[01:48:39] <jinxer-wm>	 (SystemdUnitFailed) firing: generate_os_reports.service on puppetdb2003:9100 - https://wikitech.wikimedia.org/wiki/Monitoring/check_systemd_state - https://grafana.wikimedia.org/d/g-AaZRFWk/systemd-status - https://alerts.wikimedia.org/?q=alertname%3DSystemdUnitFailed
[05:48:39] <jinxer-wm>	 (SystemdUnitFailed) firing: generate_os_reports.service on puppetdb2003:9100 - https://wikitech.wikimedia.org/wiki/Monitoring/check_systemd_state - https://grafana.wikimedia.org/d/g-AaZRFWk/systemd-status - https://alerts.wikimedia.org/?q=alertname%3DSystemdUnitFailed
[07:23:39] <jinxer-wm>	 (SystemdUnitFailed) firing: (2) netbox_report_accounting_run.service on netbox1002:9100 - https://wikitech.wikimedia.org/wiki/Monitoring/check_systemd_state - https://grafana.wikimedia.org/d/g-AaZRFWk/systemd-status - https://alerts.wikimedia.org/?q=alertname%3DSystemdUnitFailed
[07:48:39] <jinxer-wm>	 (SystemdUnitFailed) firing: (2) netbox_report_accounting_run.service on netbox1002:9100 - https://wikitech.wikimedia.org/wiki/Monitoring/check_systemd_state - https://grafana.wikimedia.org/d/g-AaZRFWk/systemd-status - https://alerts.wikimedia.org/?q=alertname%3DSystemdUnitFailed
[09:56:32] <claime>	 moritzm: Is there a specific reason for ferm.service to not have either Restart=always, or for ferm status to not return an error if systemctl status ferm.service is in error?

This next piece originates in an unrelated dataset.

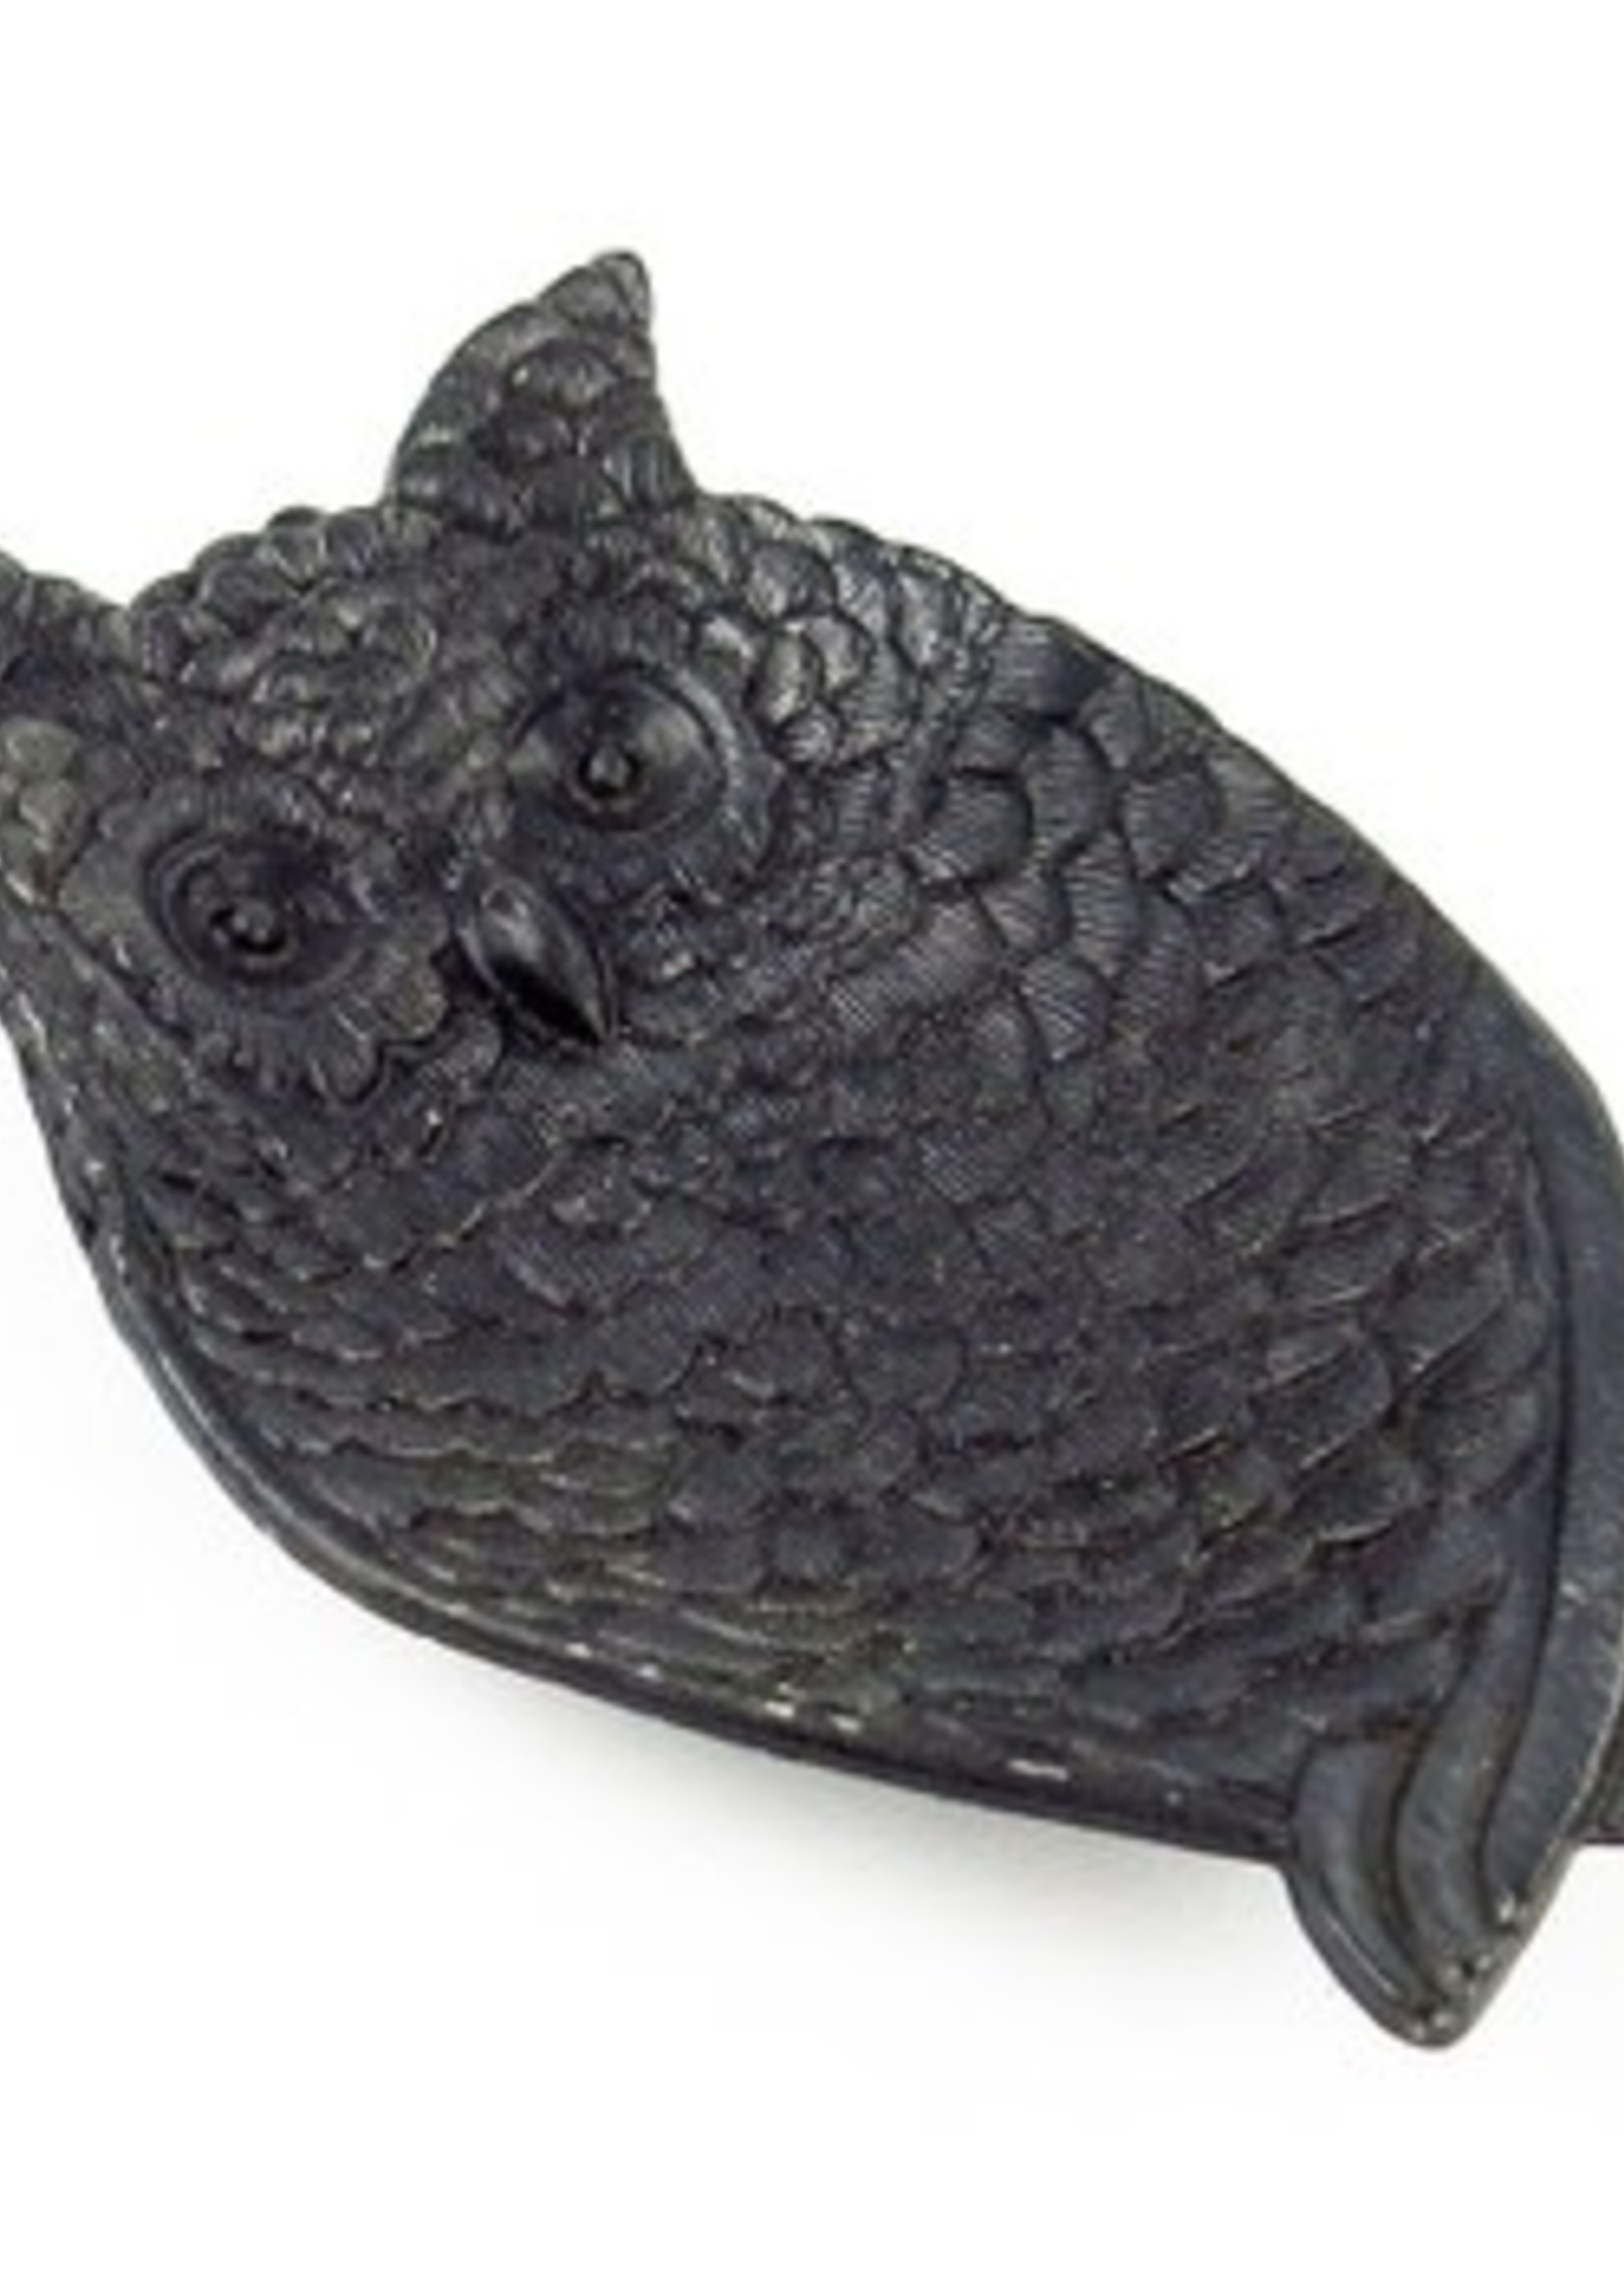 Pewter Owl Dish in Grey Black Finish

[09:57:25] <claime>	 (by ferm status I mean /usr/local/sbin/ferm-status)
[09:58:18] <claime>	 I can make a patch for either of those, I just want to solve that race condition problem, I'm getting tired of restarting ferm.service manually because of the race condition described in https://phabricator.wikimedia.org/T354855
[10:03:49] <moritzm>	 adding Restart=always will not be reliable, ferm doesn't use a proper systemd unit, but only shells out to running /etc/init.d/ferm under the hood
[10:04:22] <moritzm>	 ferm-status's main purpose is to validate that the rules loaded are in line with the intended rules
[10:04:51] <moritzm>	 we can probably extend it to also bail out if ferm is unavailable
[10:05:13] <moritzm>	 but I'm not very familiar with it, this was all John's doing
[10:05:24] <moritzm>	 but happy to review and proposed patch ofc!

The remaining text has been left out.